Your inquiry notes that under your city charter, the mayor is in charge of the police and fire departments. See s. 17, Ch. 63-1249, Laws of Florida. The city council would like to take control of these two departments out from under the mayor and place them under the control of the council by ordinance. As city attorney, you are concerned that this type of charter amendment may require a referendum. Section 166.021(5), F.S., provides:

"(5) All existing special acts pertaining exclusively to the power or jurisdiction of a particular municipality except as otherwise provided in subsection (4) shall become an ordinance of that municipality on the effective date of this act, subject to modification or repeal as other ordinances." (Emphasis supplied.)

However, s. 166.021(4), F.S., expressly provides in pertinent part:

"[n]othing in this act shall be construed to permit any changes in a special law or municipal charter which affect the exercise of extraterritorial powers or which affect an area which includes lands within and without a municipality or any changes in a special law or municipal charter which affect the creation of existence of a municipality, the terms of elected officers and the manner of their election, the distribution of powers among elected officers, matters prescribed by the charter relating to appointive boards, any change in the form of government or any rights of municipal employees, without approval by referendum of the electors as provided in s. 166.031 . . .." (Emphasis supplied.)

Thus, a change in the "distribution of powers among elected officials" cannot be made by the city council pursuant to its home rule powers under Ch. 166 without approval by referendum of the electors as provided by s. 166.031, F.S.

Attorney General Opinion 077-135 concluded that if a municipality contemplates a change only in its "internal, administrative operations" and there is no alteration of the basic distribution of policymaking and administrative functions, there would be no change in the form of government, and such a change could be made by ordinance alone.

Section 17 of your city charter, Ch. 63-1249, Laws of Florida expressly provides:

"The mayor shall employ and discharge and prescribe all the duties and powers of the chief of police, fire chief and all personnel in the police and fire departments; . . .." (Emphasis supplied.)

Subsequent amendatory legislation has not changed this aspect of the distribution of powers among elected officials in your city government.

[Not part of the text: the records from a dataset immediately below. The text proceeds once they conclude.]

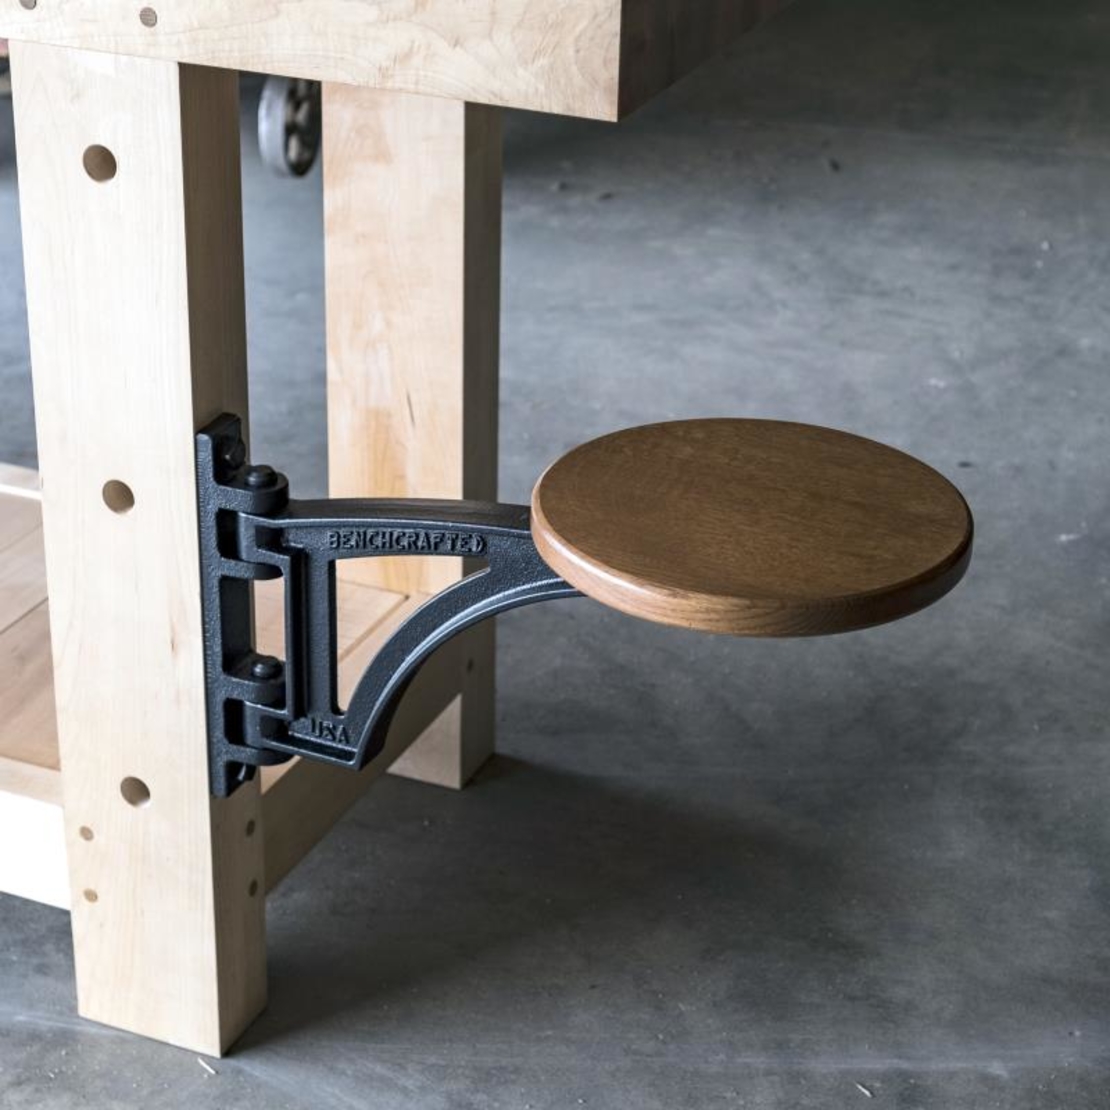 מושב ברזל יצוק לשולחן עבודה- רק פרזול
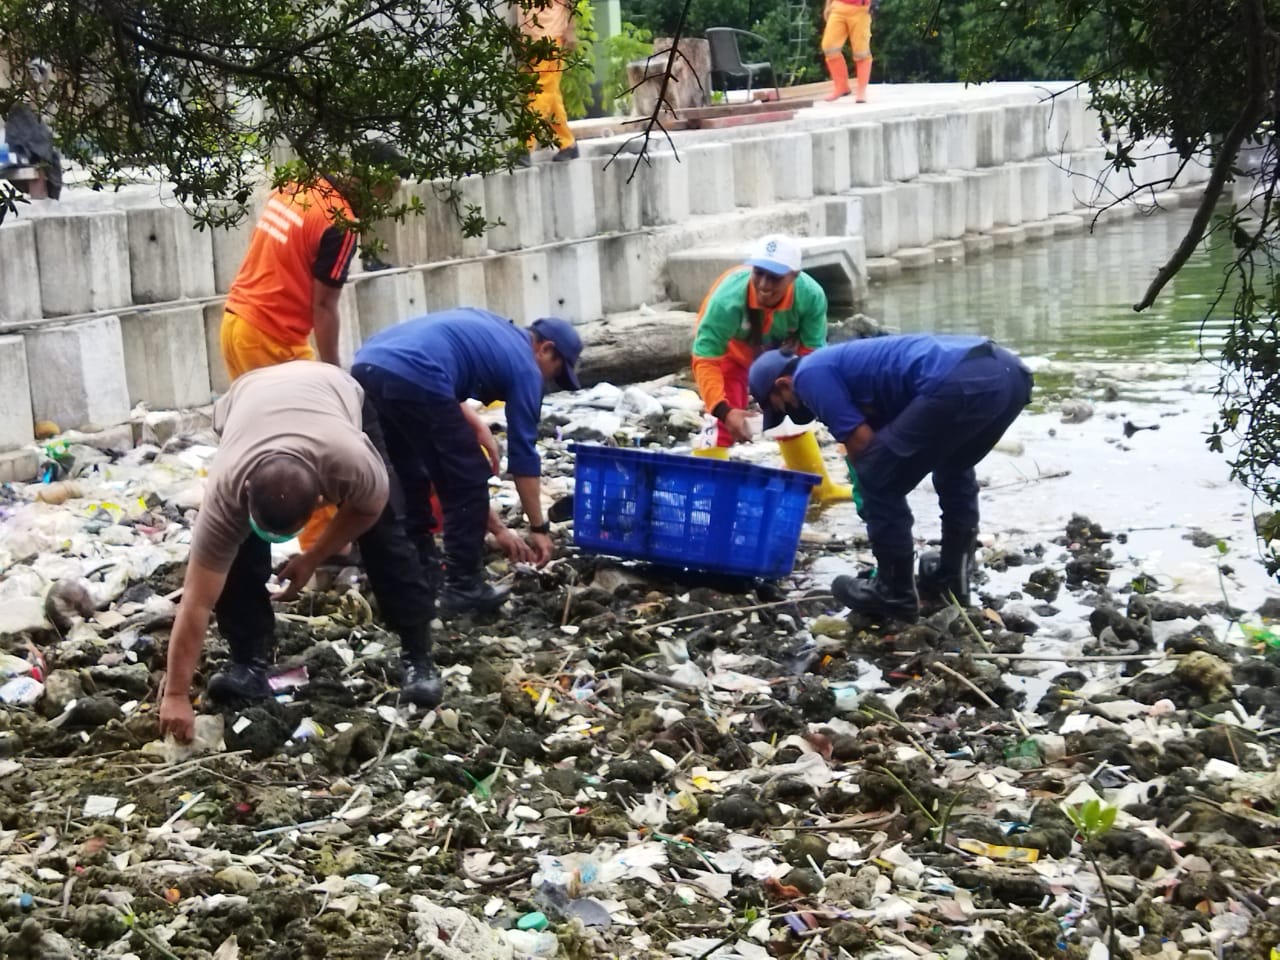 Bersama Warga, Polisi Berantas Sampah Plastik Di Pinggir Pantai Pulau Harapan
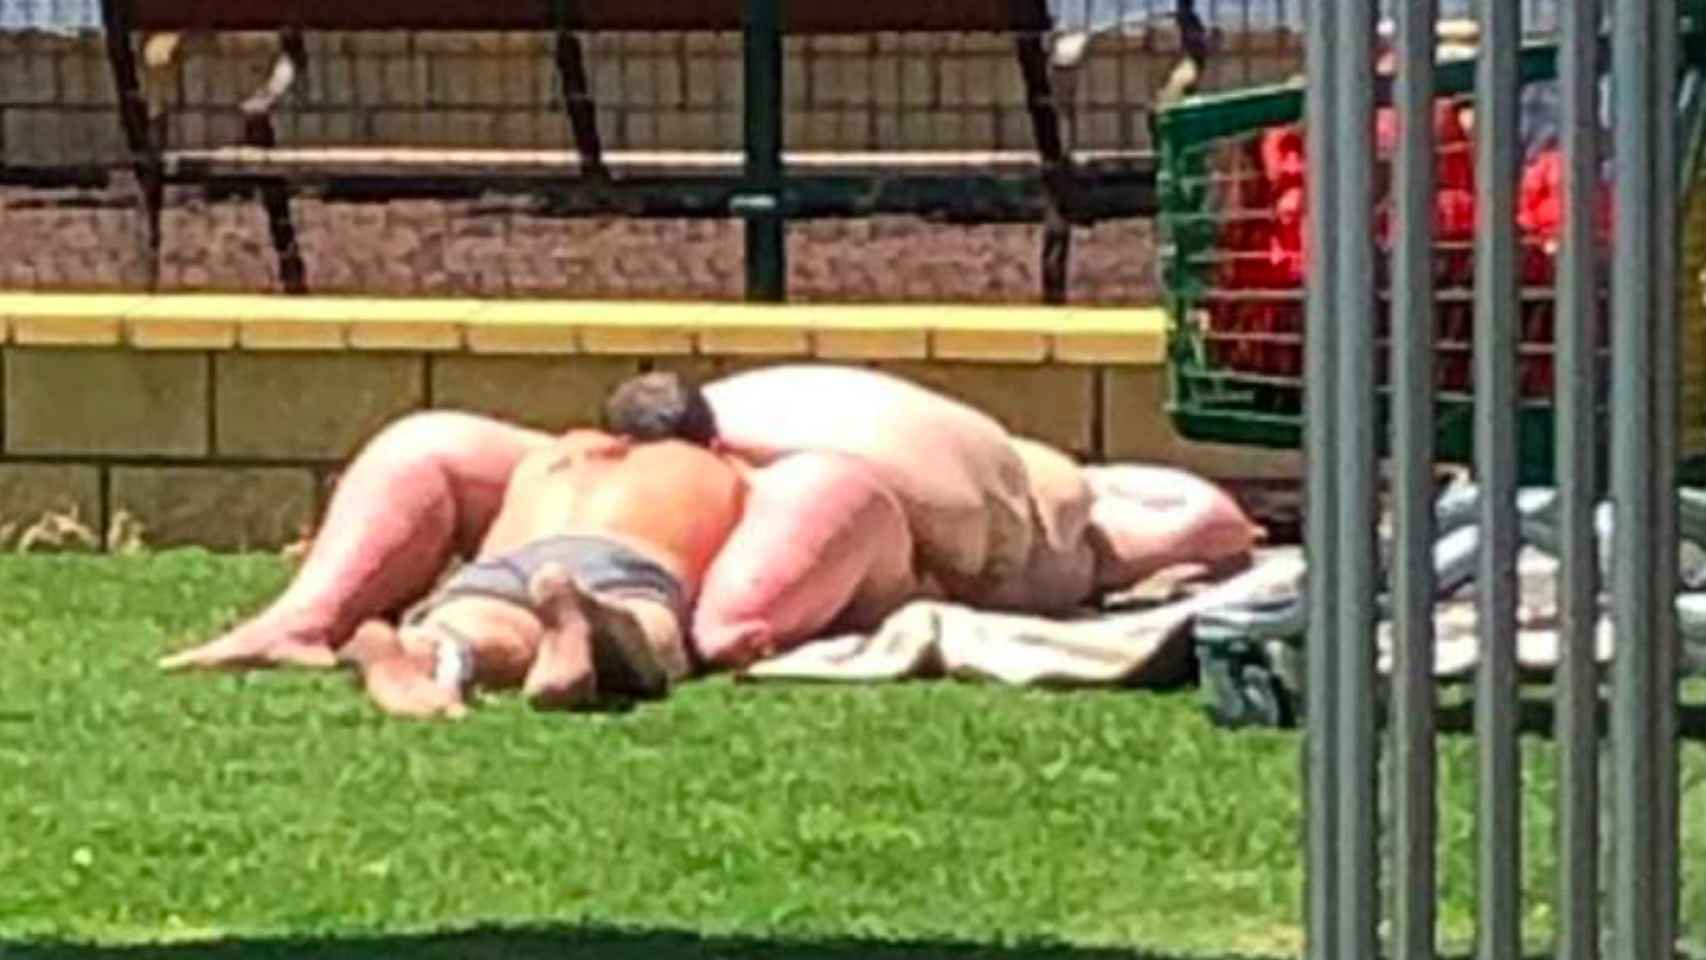 Una pareja practicando sexo en un parque a plena luz del día / REDES SOCIALES
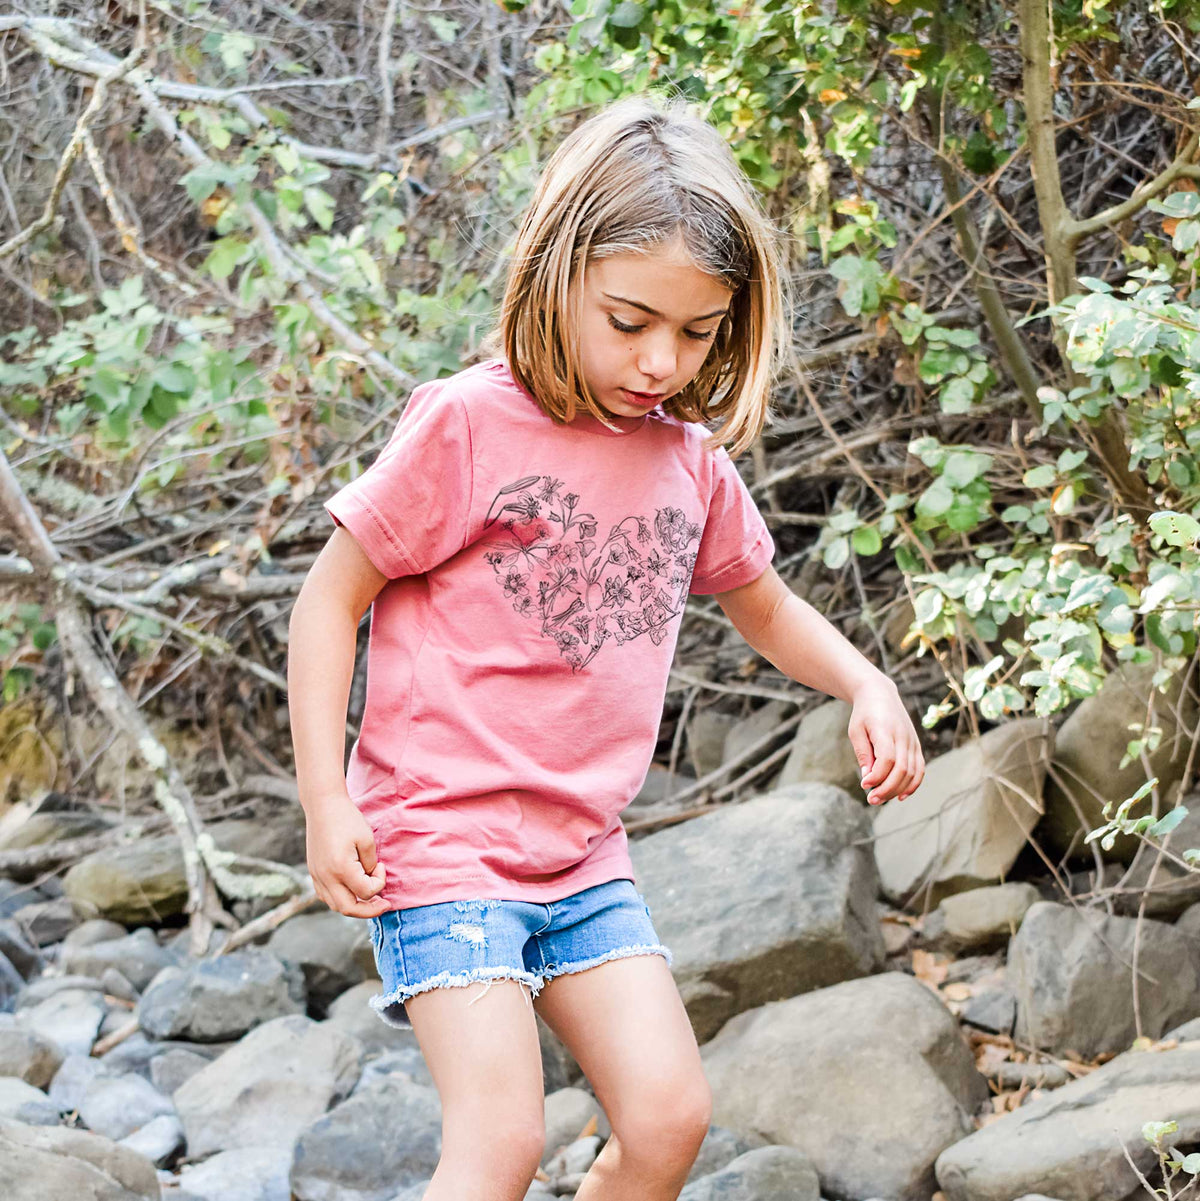 Heart Full of California Mountain Wildflowers - Kids Shirt

Thus, s. 17 of the charter contemplates that the mayor, an elected official, have general supervision of the police and fire departments. The above-described ordinance, which would remove supervision of these two departments from the mayor and place them under the council, would affect the distribution of powers among elected officials. See dictum in Smith v. City of Pinellas Park, 336 So.2d 1255 (2 D.C.A. Fla., 1976) (stating that an ordinance, to the extent that it changed the distribution of powers as between the city manager and the city council in the appointment of chiefs of the police and fire departments, would probably be invalid). Accordingly, I must conclude that a referendum is required to make such an amendment to s. 17 of the Crestview City Charter.